俺が放った魔法は、ゴブリンの武器についた泥を少し落としただけだった。ゴブリンは余計に怒って襲いかかってくる。


「使えねえ!」


魔導師の鈴木が火球でゴブリンを倒した。俺はただ見ているだけだった。


戦闘後、佐藤が冷たく告げた。


「太郎、お前パーティーから抜けろ」


「え?」


「足手まといなんだよ。お前がいると俺たちが危険だ」


他のメンバーも頷いている。誰も俺を庇ってくれない。


「でも……」


「決定だ。明日の朝には荷物をまとめて出て行け」


その夜、俺は宿屋の隅で一人震えていた。この世界に来て一ヶ月。誰も俺を必要としていない。


翌朝、俺は街を出た。行く当てもなく、森の奥へと向かった。


## 第三章 真実の発見


森を彷徨って三日目。俺は小さな村を見つけた。しかし、その村は異様だった。


建物は黒ずみ、植物は枯れ果てている。村人たちは絶望に暮れ、目に光がない。


「旅人さん……ここから逃げて……」


老人が俺に警告した。


「この村は『汚染』に侵されているんだ。古の魔王ディスペアの復活とともに、世界中に絶望の汚染が広がっている」


汚染。それは物理的な汚れではなく、精神と魂を蝕む絶望の力だった。


「誰も浄化できないのですか?」


「無理だ。聖職者たちも試したが、汚染は聖なる力すら飲み込んでしまう」


俺は村の中央にある井戸を見つめた。そこから黒いオーラが立ち上っている。汚染の源だ。


なぜか分からないが、俺の体が勝手に動いていた。


「浄化魔法!」


俺が放った魔法は、これまでとは違っていた。手から純白の光が溢れ、井戸を包み込む。


黒いオーラが消えていく。井戸の水が透明になる。村全体を覆っていた絶望の霧が晴れ、村人たちの目に光が戻った。


「嘘だろ……」


俺自身が一番驚いていた。そして気づく。レベルアップの音が頭の中で響いていた。


【浄化魔法 Lv1 → Lv15】

【新スキル習得:絶望耐性】

【新スキル習得:汚染探知】

【新スキル習得:魂浄化】


「あ、あなたは……救世主様!」


村人たちが俺にひれ伏した。


## 第四章 力の覚醒


その後、俺は各地を回って汚染を浄化し続けた。戦うたびに強くなり、新しい能力を習得していく。


【浄化魔法 Lv50】

【新スキル習得:浄化結界】

【新スキル習得:光の剣】

【新スキル習得:魂の癒し】


一ヶ月後、俺はもはや「掃除夫」ではなかった。各地で「白の救世主」と呼ばれるようになっていた。

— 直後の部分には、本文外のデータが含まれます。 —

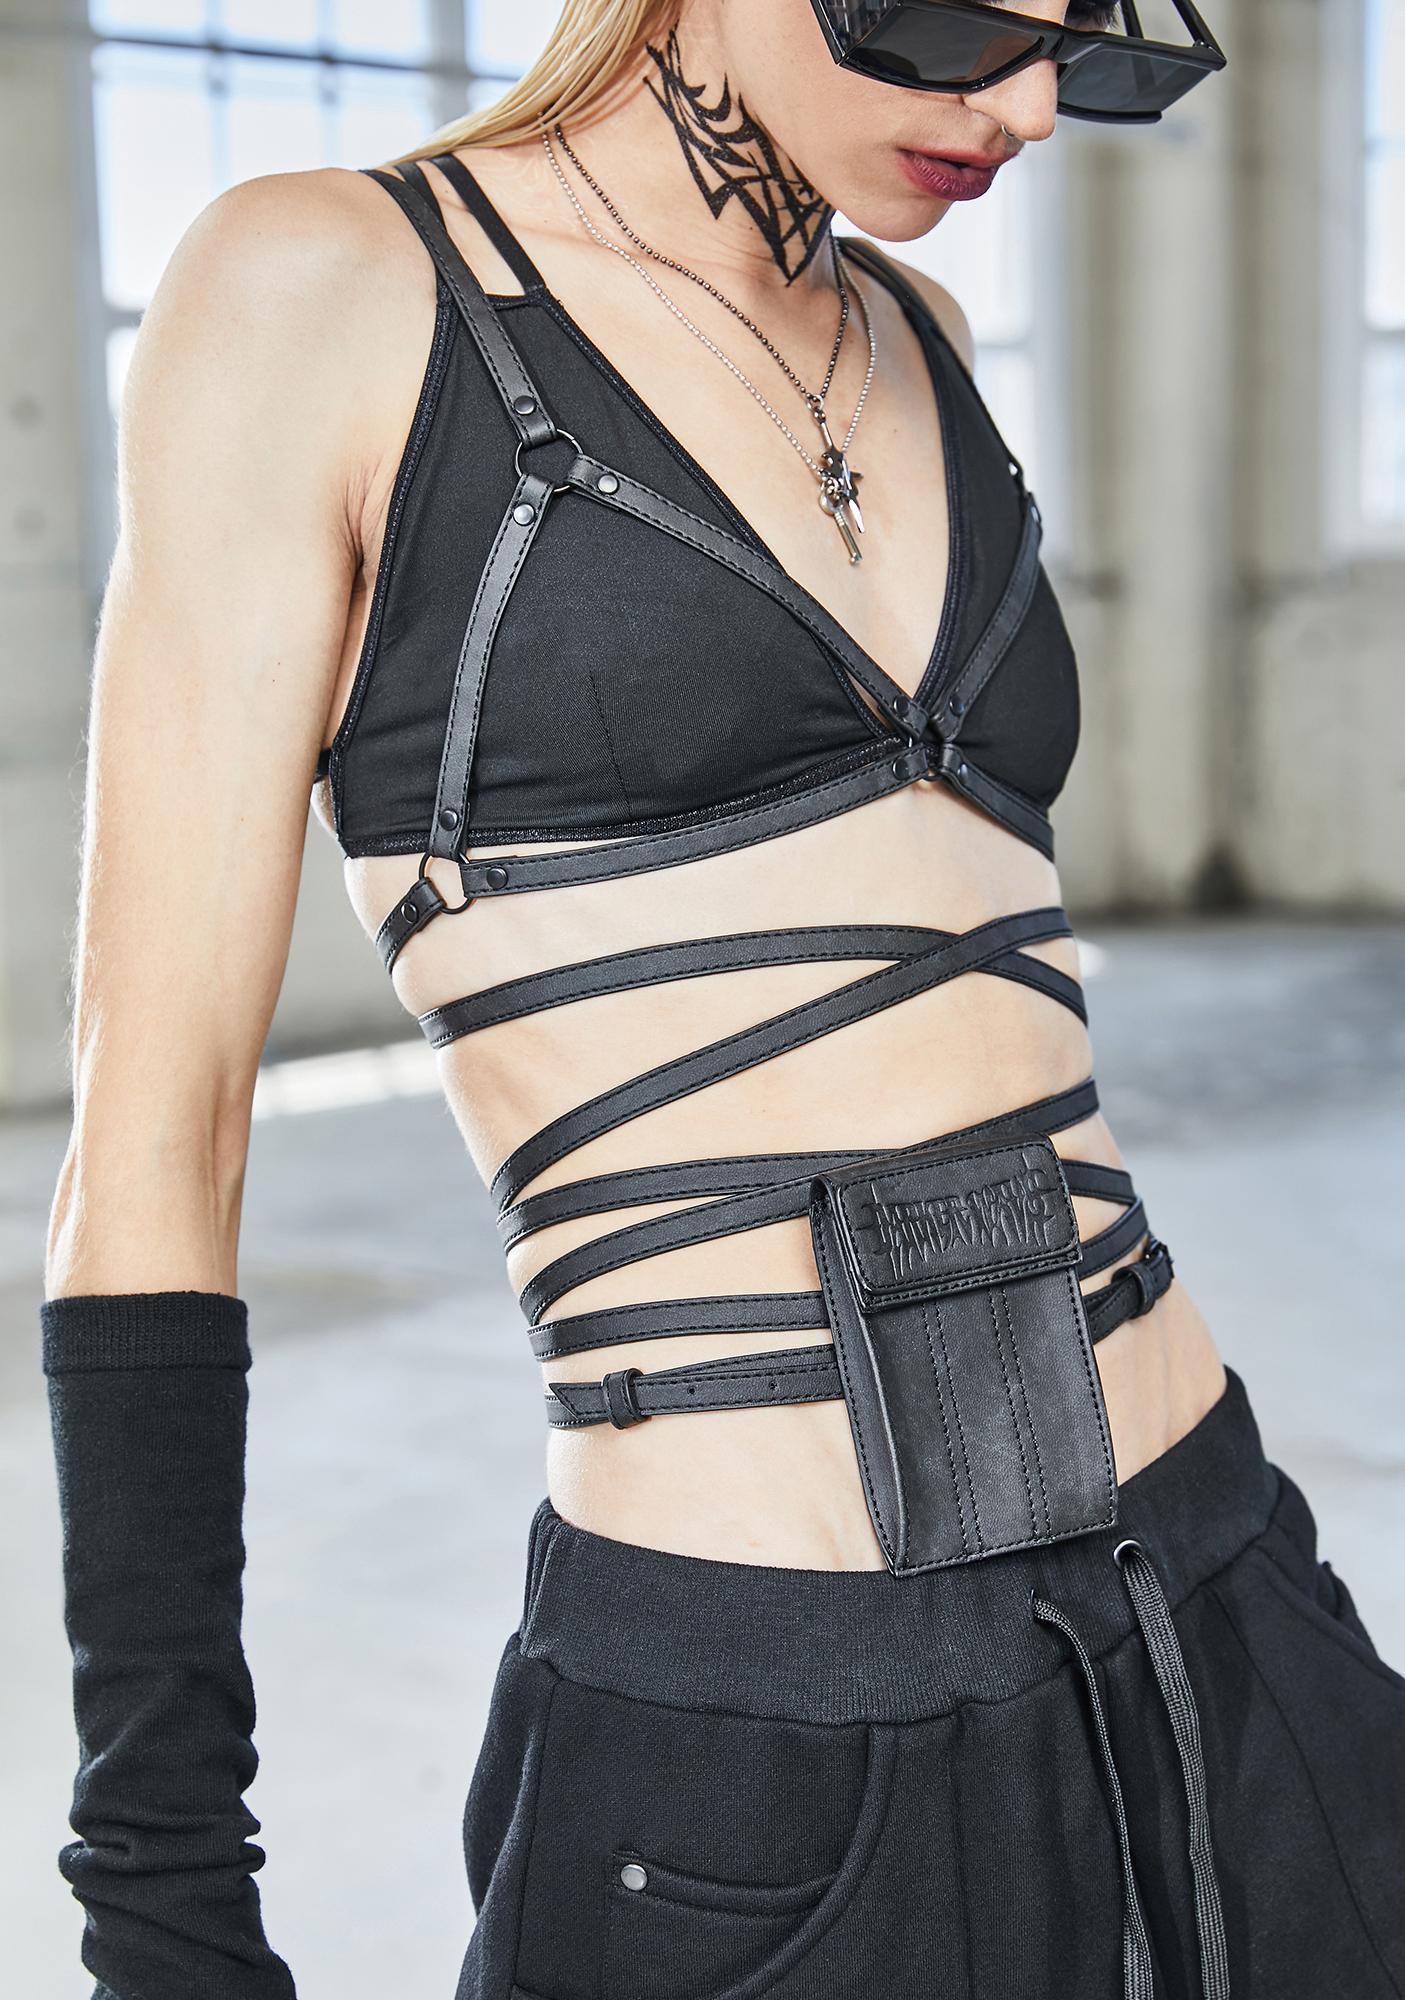 DARKER WAVS Bassline Pocket Harness Bra

そんな時、緊急事態が発生した。魔王ディスペアが本格的に復活し、王都に攻めてきたのだ。


俺は急いで王都に向かった。


## 第五章 再会と復讐


王都は地獄と化していた。空は黒雲に覆われ、街には汚染された魔物が溢れている。


城の前では、見覚えのある人影があった。俺の元パーティーメンバーたちだ。


しかし、彼らは絶望に取り憑かれ、目は虚ろだった。


「た、太郎?」


佐藤が俺を見て驚愕した。俺の姿は一ヶ月前とは別人のようになっていた。純白の外套を纏い、背中には光の翼が生えている。


「久しぶりだな、佐藤」


俺の声には威厳があった。


「お前……まさか、白の救世主って……」


「そうだ。お前たちに追放された『掃除夫』の太郎だ」


鈴木が震え声で言った。


「嘘だ……あの弱虫の太郎が……」


「弱虫?」俺は冷笑した。「確かにお前たちと一緒にいた時は弱かった。だが、一人になって初めて気づいたんだ。俺の力は他人を守るためにあるんだと」


その時、城から巨大な咆哮が響いた。魔王ディスペアの登場だ。


## 第六章 魔王との決戦


魔王ディスペアは巨大な影の化身だった。その存在だけで周囲に絶望を撒き散らす。


「フハハハ!また人間どもが来たか。だが無駄だ。この世界は絶望に染まる運命なのだ」


元パーティーメンバーたちは魔王のオーラに呑まれ、その場に倒れ込んだ。しかし、俺だけは立っていた。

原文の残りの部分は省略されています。